Буквально через неделю Кирилл нашёл изрядно заброшенное помещение возле старой конторы. Стены облезали, крыша прохудилась, но ржавые трубы ещё можно было заменить. Дед отдал все свои заначки, кто-то из соседей помог со стульями и столами. И никто не думал, что из этого вообще что-то выйдет, но Кирилл продолжал вкалывать, как под землёй. Пахло краской и сыростью, но скоро в проём окна заглядывали удивлённые лица: «Правда кафе будет?» Он бурчал в ответ:
— Да, чай горячий и пироги — как у бабушки, — и улыбался впервые за многие месяцы.

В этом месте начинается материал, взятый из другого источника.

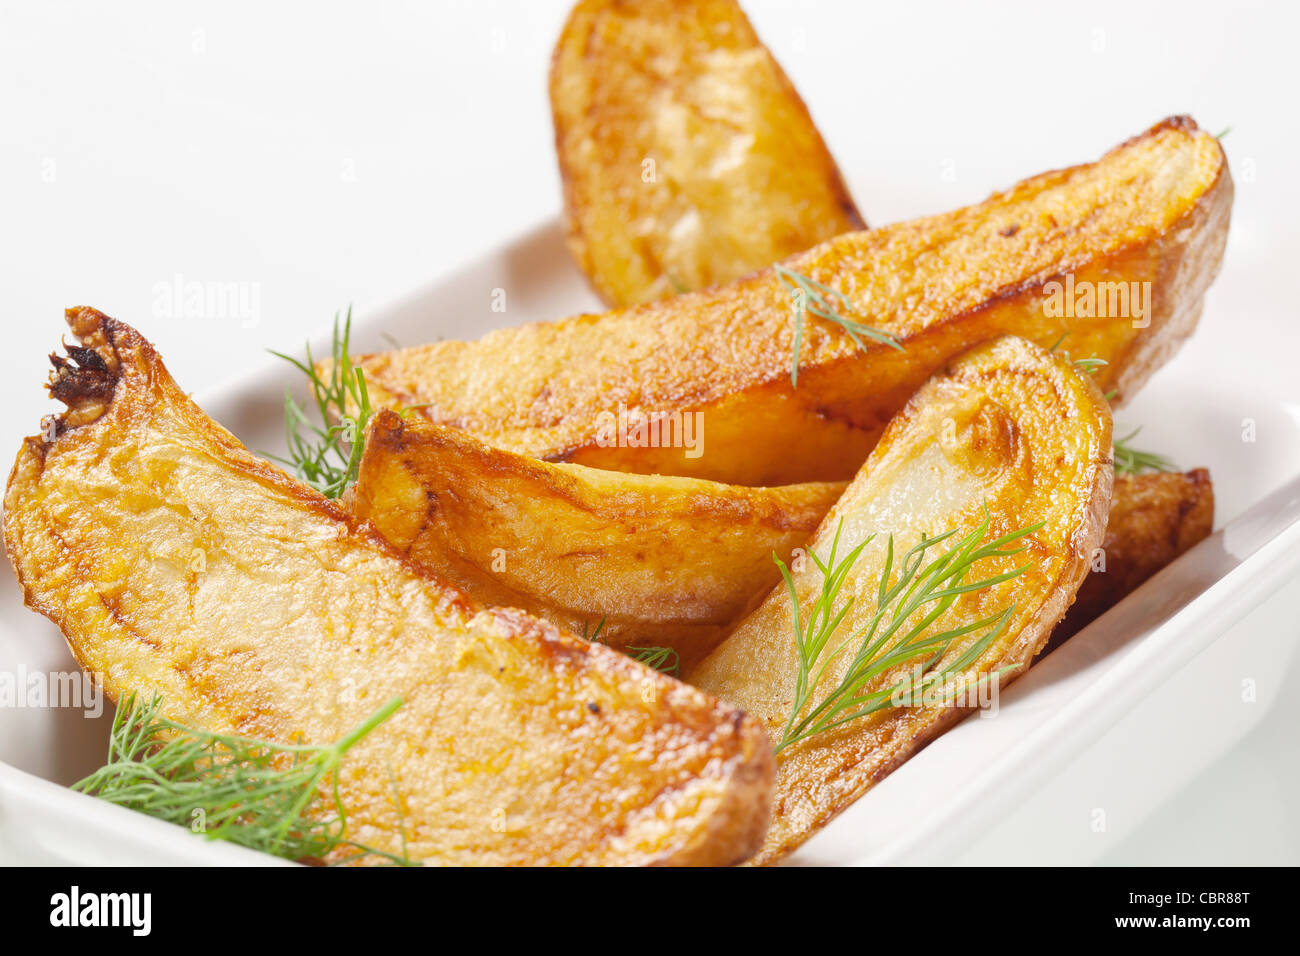 Roasted potato wedges garnished with fresh dill Stock Photo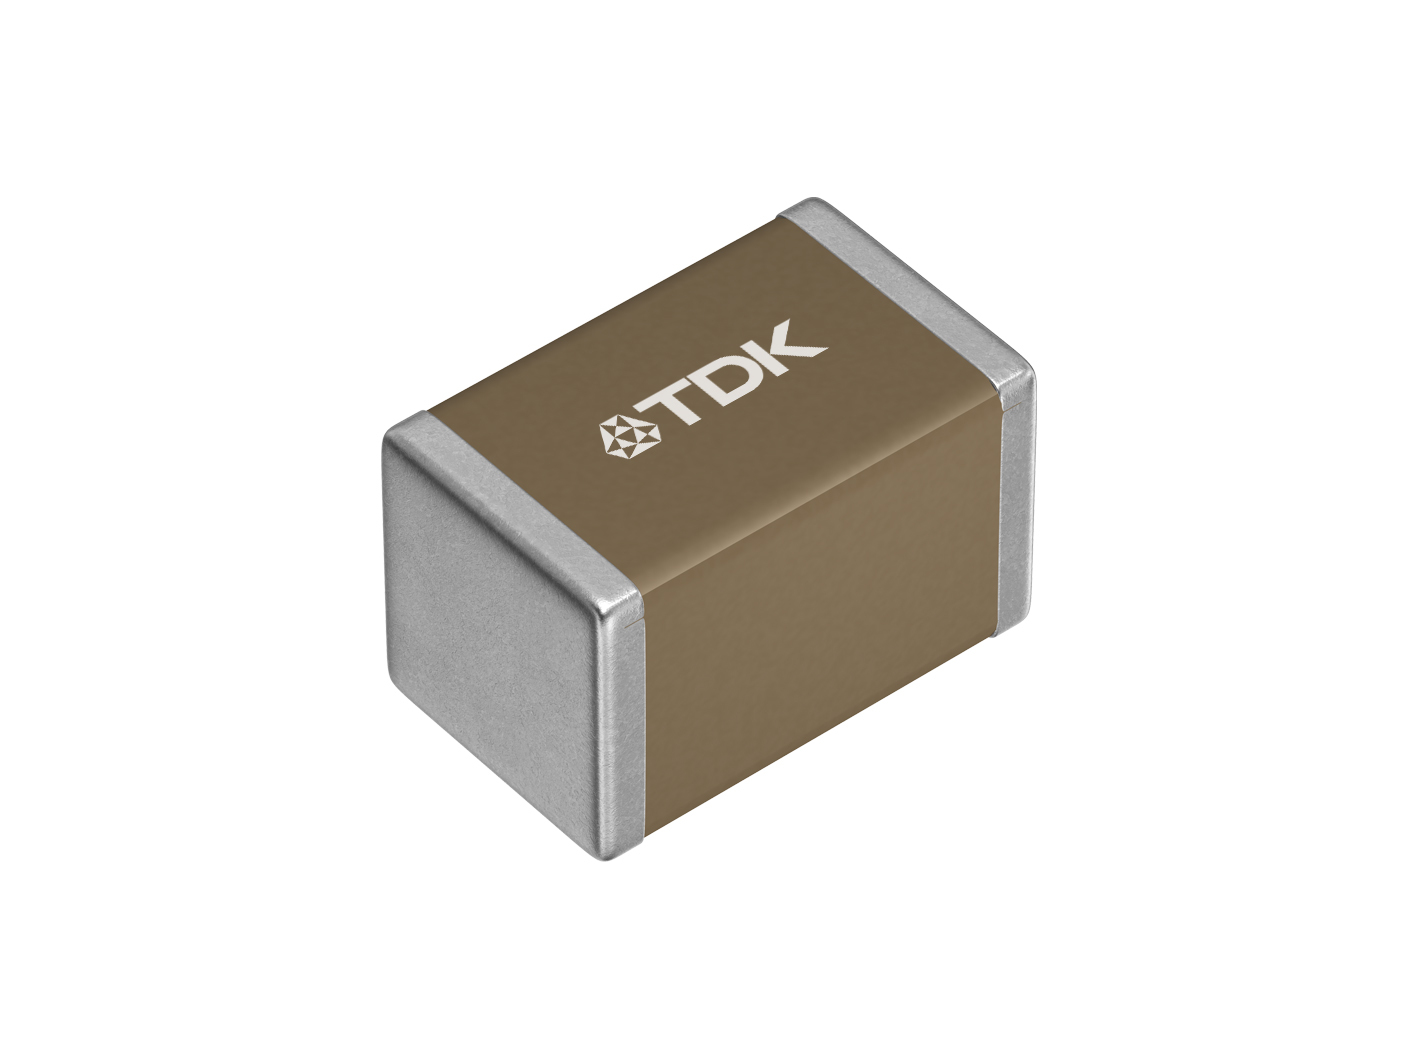 TDK Expands Automotive MLCC Lineup with the Industry's Highest Capacitance at 100V in 2012/3216 Sizes

В день, когда Кирилл окончательно прибил вывеску, вечер сгустился серым сукном, и с улицы потянуло снежным холодом. Он распахнул дверь, вошёл в помещение и зажёг слабую лампу. Сквозняк трепетал по довоенным обоям. Где-то вдалеке скрипела телега, увозившая чьи-то пожитки. В этом странном звуке слышался и шаг в будущее, и прощальный вздох городу, прозябавшему без работы. Кирилл налил кипятку в новый термос — простой, пластмассовый, не такой надёжный, как дедов металл. Но всё же его сердце стукнуло быстрее, когда горячий пар окутал руки.
Он обвёл взглядом почти готовое кафе, подумал о супруге. Может, она вернётся, увидев в нём прежнего Кирилла, готового сражаться за их семью. А может, нет. Но внутри уже ревела уверенность: он хоть что-то меняет.
Старик постучал палкой:
— Гляди-ка, столы ровные. Хорошо вышло.
— Дед, спасибо. И за последний рубль, и за то, что вдохновил.
Тот тихо усмехнулся:
— Ты сам всё сделал. Просто будь человеком.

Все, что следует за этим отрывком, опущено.